[PYTHON] Machine Learning x Web App Diagnosis: Recognize CAPTCHA with Cloud Vision API

Last time implemented a multi-layer perceptron using "Chainer" and tried to recognize CAPTCHA images. .. This time, I will try the same thing using Google's image analysis API "Cloud Vision API".

agenda

  1. Implementation code
  2. Try it
  3. Summary
  4. References

0. Implementation code

This time, I created a simple image analysis class for verification. As you can see, it just POSTs a JSON-formatted request defined by the Cloud Vision API.

MyRecognitionImage.py


#!/usr/bin/python
#coding:utf-8
import base64
import json
from requests import Request, Session


#Analyze images with Cloud Vision API
class RecognizeImage():

    def __init__(self):
        return

    #CAPTCHA analysis
    def recognize_captcha(self, str_image_path):
        #Loading CAPTCHA images
        bin_captcha = open(str_image_path, 'rb').read()

        #Encode CAPTCHA images with base64
        str_encode_file = base64.b64encode(bin_captcha)

        #Specify API URL
        str_url = "https://vision.googleapis.com/v1/images:annotate?key="

        #API key obtained in advance
        str_api_key = "XXXXXXXXX"

        # Content-Set Type to JSON
        str_headers = {'Content-Type': 'application/json'}

        #Define the JSON payload according to the Cloud Vision API specifications.
        #To extract the text from the CAPTCHA image, the type is "TEXT"_Set to "DETECTION".
        str_json_data = {
            'requests': [
                {
                    'image': {
                        'content': str_encode_file
                    },
                    'features': [
                        {
                            'type': "TEXT_DETECTION",
                            'maxResults': 10
                        }
                    ]
                }
            ]
        }

        #Send request
        obj_session = Session()
        obj_request = Request("POST",
                              str_url + str_api_key,
                              data=json.dumps(str_json_data),
                              headers=str_headers
                              )
        obj_prepped = obj_session.prepare_request(obj_request)
        obj_response = obj_session.send(obj_prepped,
                                        verify=True,
                                        timeout=60
                                        )

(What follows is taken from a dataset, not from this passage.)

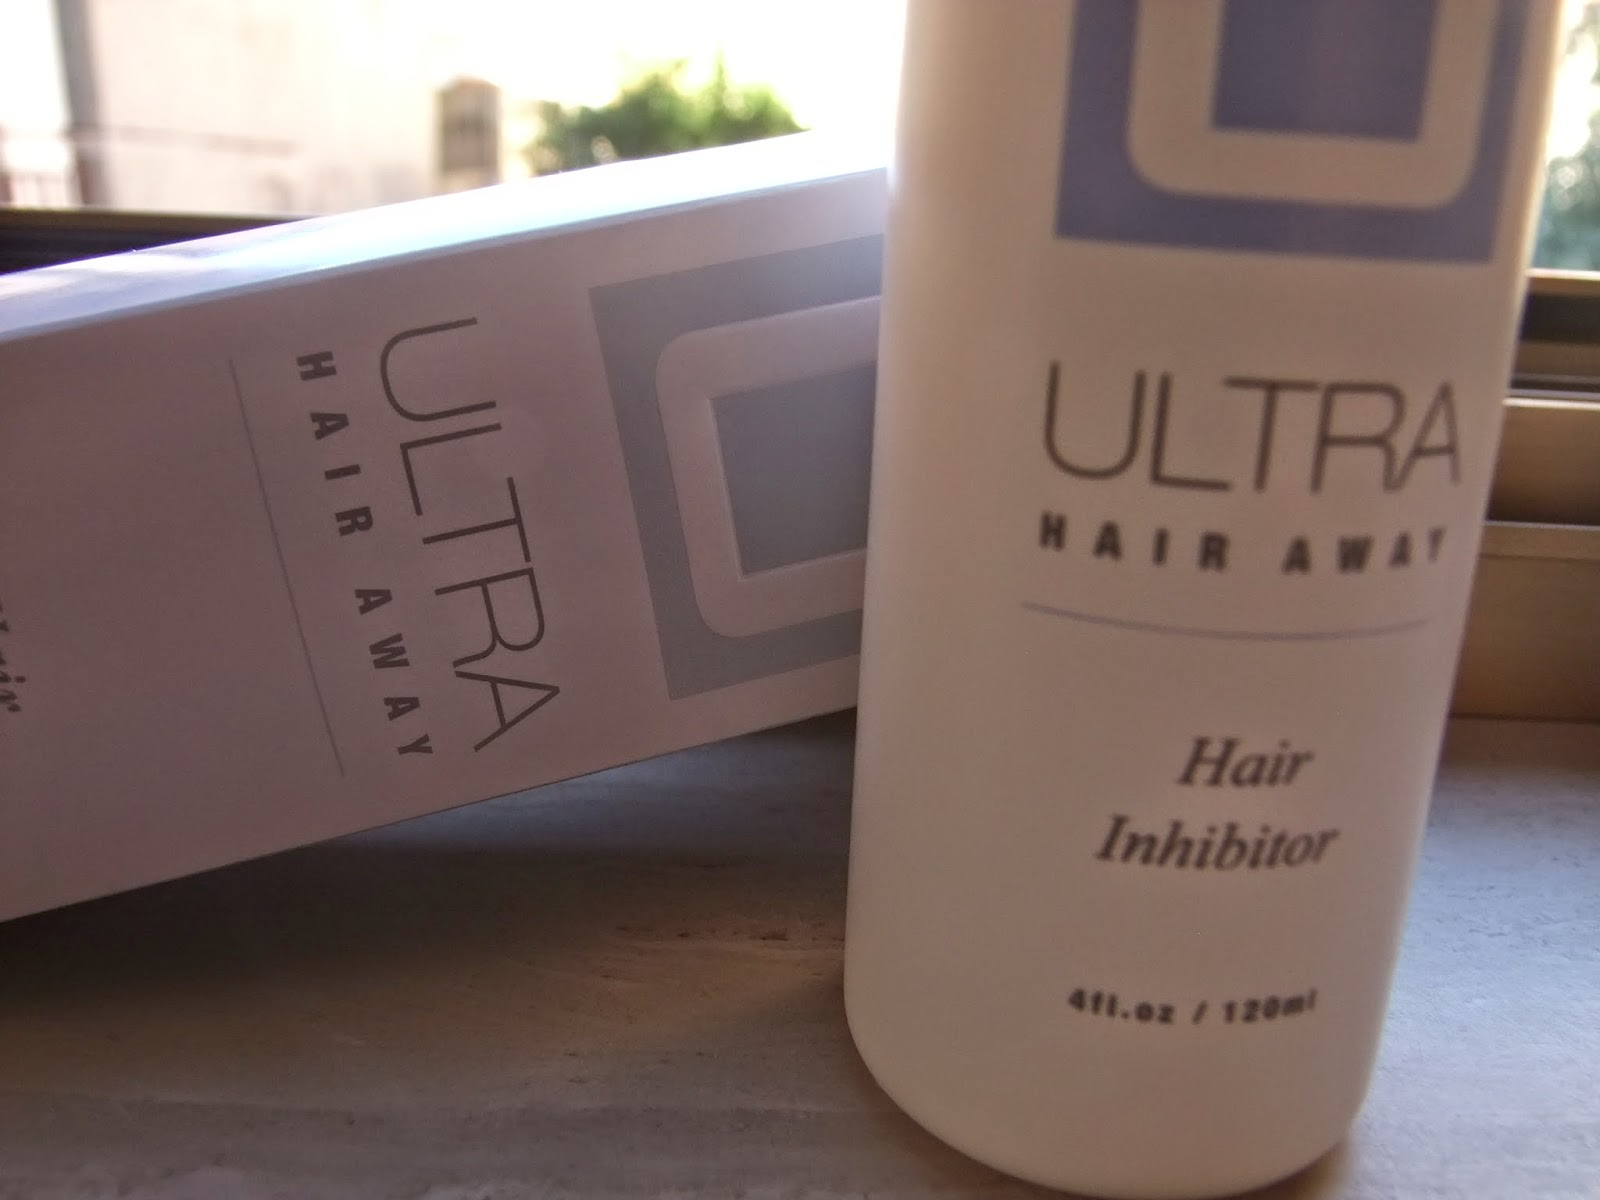 ultra hair away:inibitore della crescita dei peli superflui!!!

        #Acquisition of analysis results
        if obj_response.status_code == 200:
            print obj_response.text
            return obj_response.text
        else:
            return "error"

The following three points should be noted when using the API.

--Be sure to base64-encode the image to be analyzed. --Obtain an API key in advance to use the API. --Specify an appropriate "type" according to the purpose of analysis.

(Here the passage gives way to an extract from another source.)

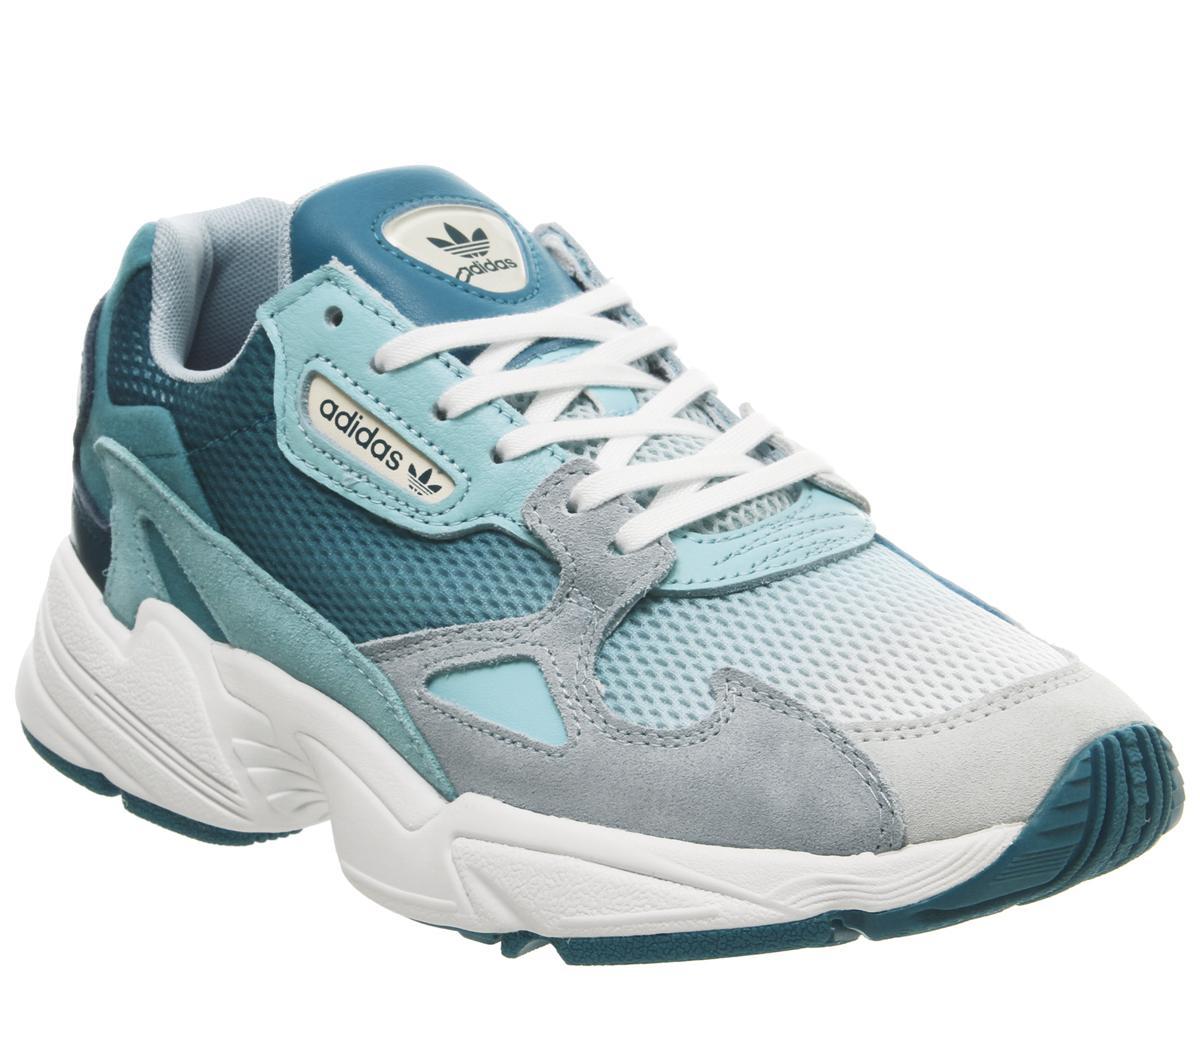 adidas Falcon Trainers Blue Tint Light

When the above code is executed, the following request is POSTed.

POST /v1/images:annotate?key=XXXXXXXXX HTTP/1.1
User-Agent: python-requests/2.8.1
Host: vision.googleapis.com
Accept: */*
Content-Type: application/json
Content-Length: 939

{
 "requests":[
  {
   "image":{
    "content": "iVBORw0KGgoAAAANSUhEUgA ・ ・ ・(abridgement)・ ・ ・/EV4ihonpXVAAAAAElFTkSuQmCC"
   },
   "features":[
    {
     "type":"TEXT_DETECTION",
     "maxResults":10
    }
   ]
  }
 ]
}

Specify Base64-encoded image data in "content" and specify the analysis content you want to execute in "type". Since we want to recognize CAPTCHA this time, specify the text extraction "TEXT_DETECTION". In addition to text extraction, the following analysis can be performed.

--Understanding what is reflected in the image --Detect inappropriate content --Analyzing the meaning of the image

For example, if you POST an image of Tokyo Station, you can recognize it as "Tokyo Station", and if you POST an image that you are happy with, you can recognize it as "happy". I would like to try these in the future.

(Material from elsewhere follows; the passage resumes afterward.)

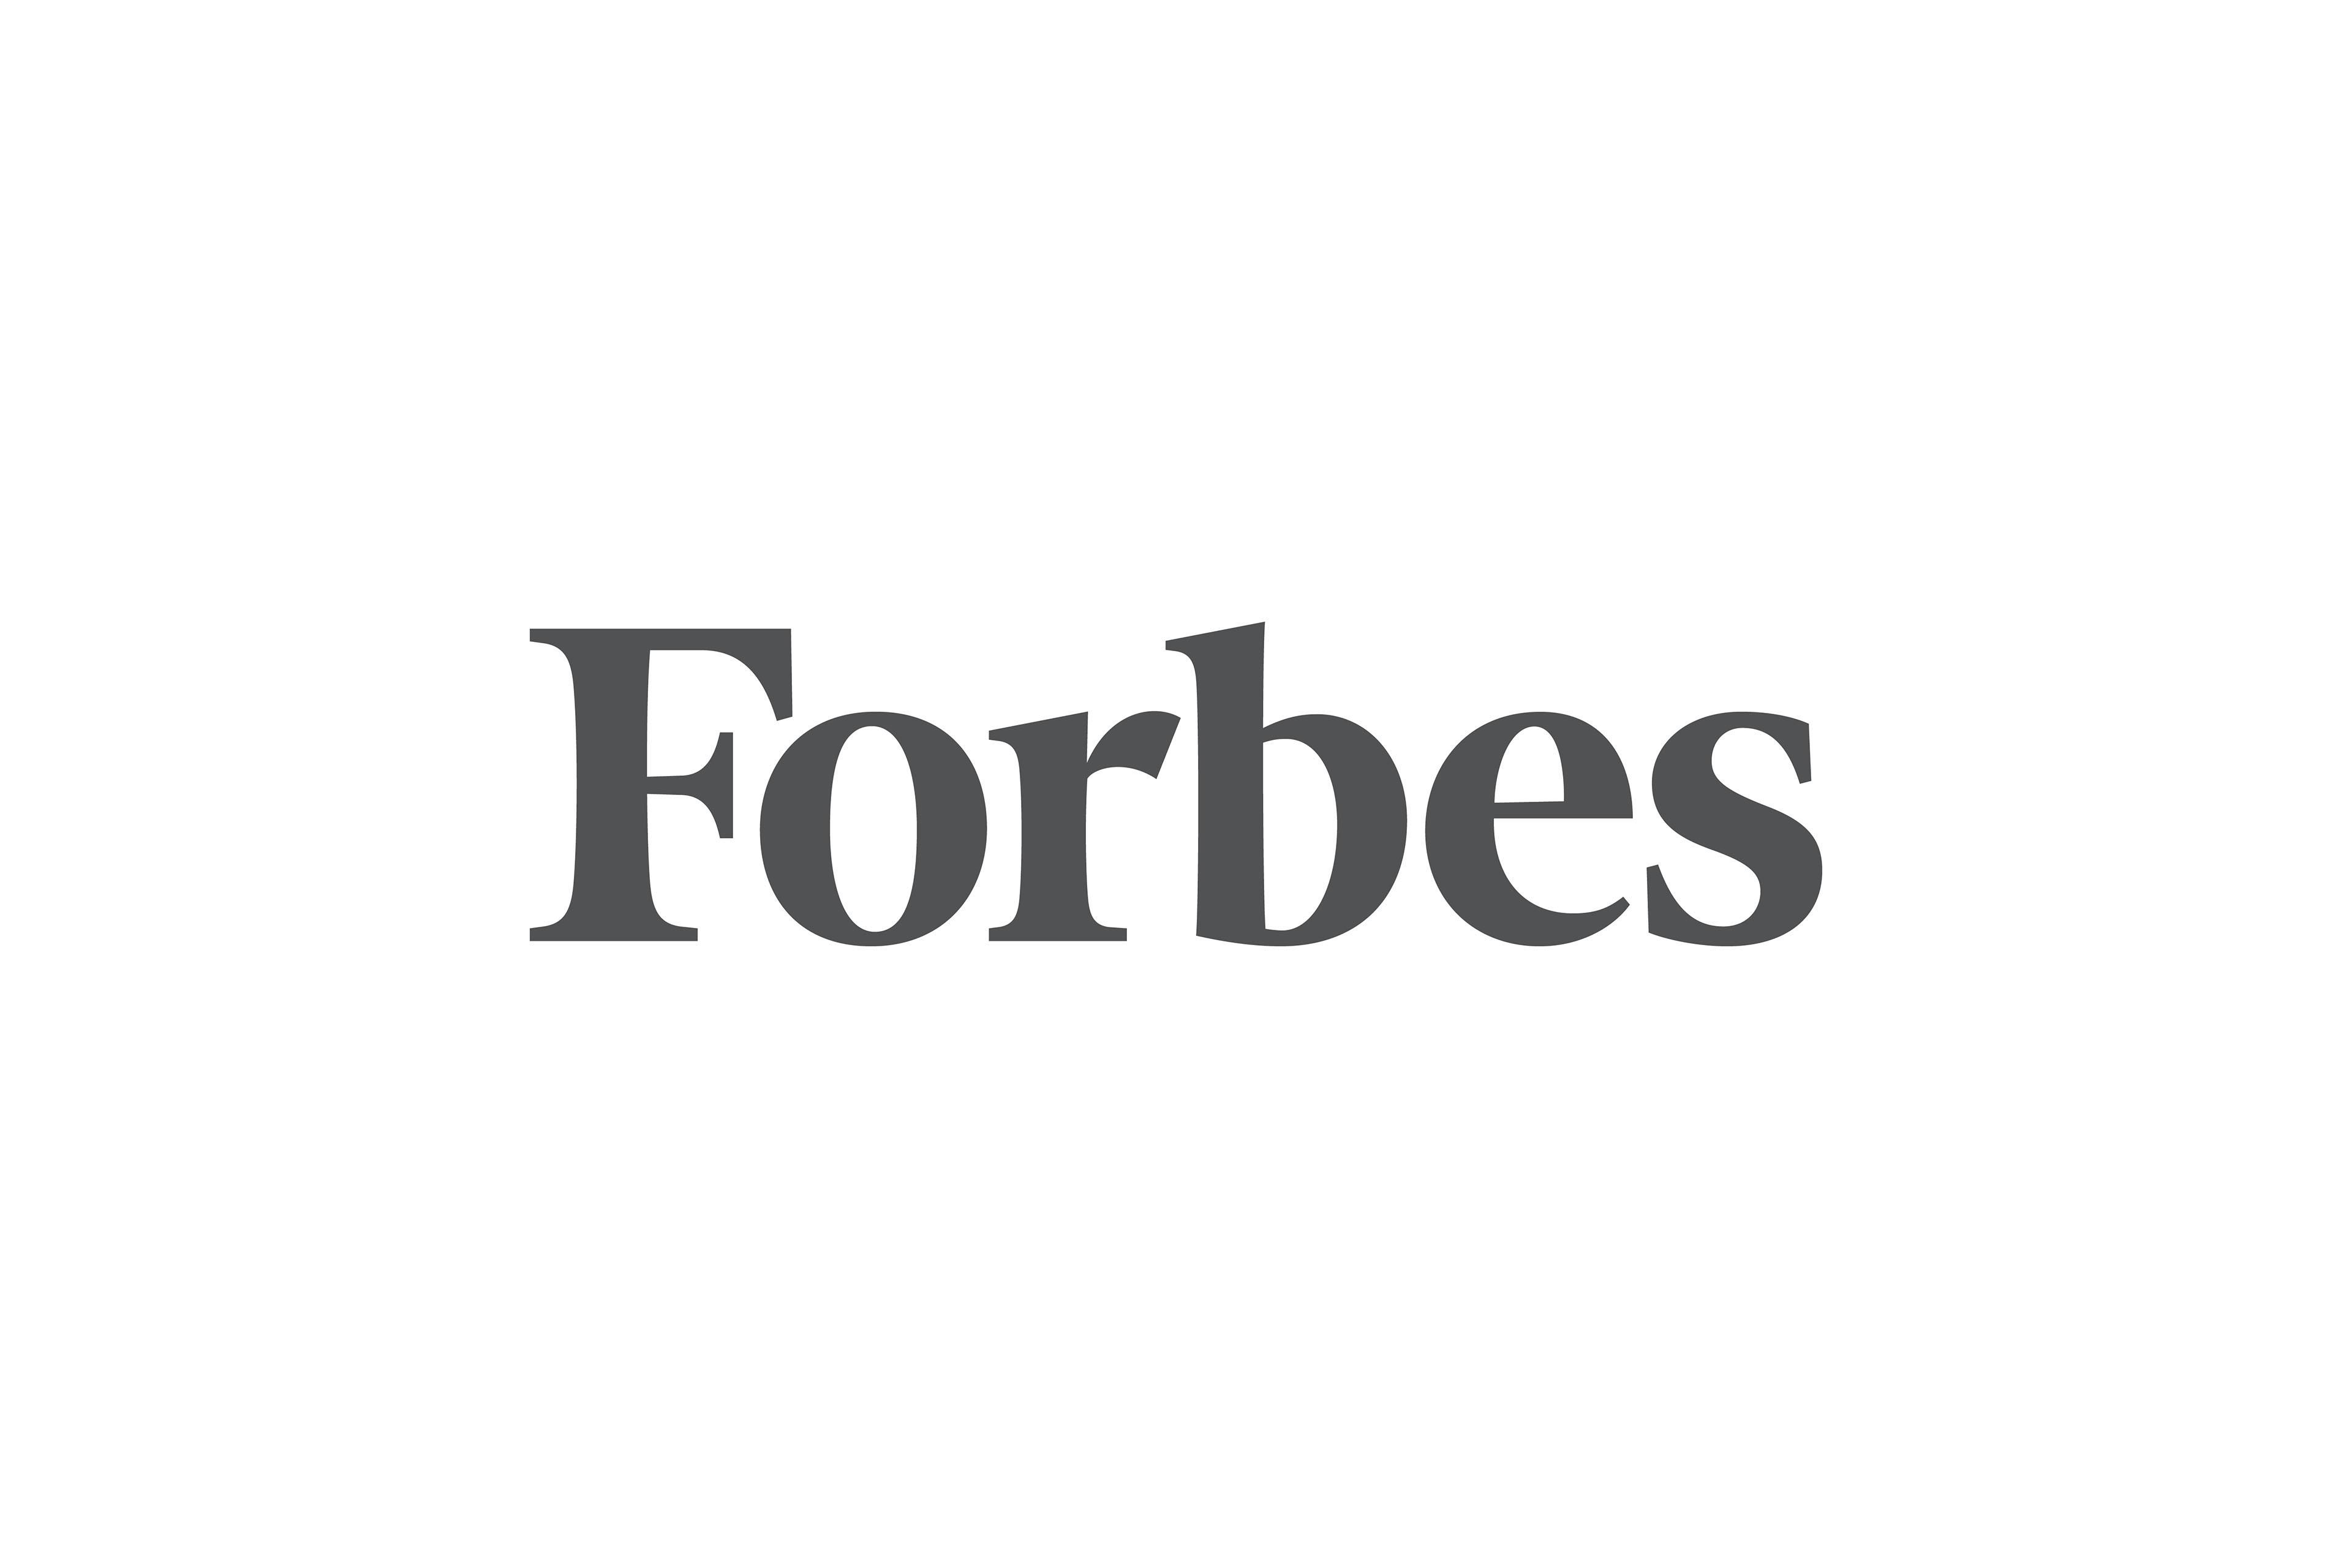 Forbes Grey logo

Image analysis requires quite a lot of machine power, so it was a high hurdle to work on as a hobby. However, anyone can easily perform image analysis using this API. What a wonderful API!

1. Try it

Let's use this to recognize CAPTCHAs.

First of all, from now on. captcha0_neg.png

The extracted text is output to "description".

1st analysis result


{
  "responses": [
    {
      "textAnnotations": [
        {
          "locale": "en",
          "description": "O l 4.67 9\n",
          "boundingPoly": {
            "vertices": [
              {
                "x": 6,
                "y": 1
              },
              {
                "x": 165,
                "y": 1
              },
              {
                "x": 165,
                "y": 35
              },
              {
                "x": 6,
                "y": 35
              }
            ]
          }
        }
      ]
    }
  ]
}

The result is "O l 4.67 9". 0 (zero) is an uppercase letter O "O", 1 (ichi) is a lowercase letter "l", and there are strange dots, but it can be seen that they are generally recognized correctly. It can be said that the correct answer rate is 100%.

Next is the second one. captcha1_neg.png

This has been disappointing in past validations, but what about the Cloud Vision API?

Second analysis result


{
  "responses": [
    {
      "textAnnotations": [
        {
          "locale": "en",
          "description": "496'0,\n",
          "boundingPoly": {
            "vertices": [
              {
                "x": 6,
                "y": 10
              },
              {
                "x": 148,
                "y": 10
              },
              {
                "x": 148,
                "y": 70
              },
              {
                "x": 6,
                "y": 70
              }
            ]
          }
        }
      ]
    }
  ]
}

The output order of the text is slightly changed, but "4", "0", "9", and "6" can be recognized. The recognition rate was 50% last time, so it can be seen that it has improved.

This is the last. cp3.png

Third analysis result


{
  "responses": [
    {
      "textAnnotations": [
        {
          "locale": "en",
          "description": "425970\n",
          "boundingPoly": {
            "vertices": [
              {
                "x": 5,
                "y": 7
              },
              {
                "x": 97,
                "y": 7
              },
              {
                "x": 97,
                "y": 33
              },
              {
                "x": 5,
                "y": 33
              }
            ]
          }
        }
      ]
    }
  ]
}

well done!! You can see that everything can be recognized accurately.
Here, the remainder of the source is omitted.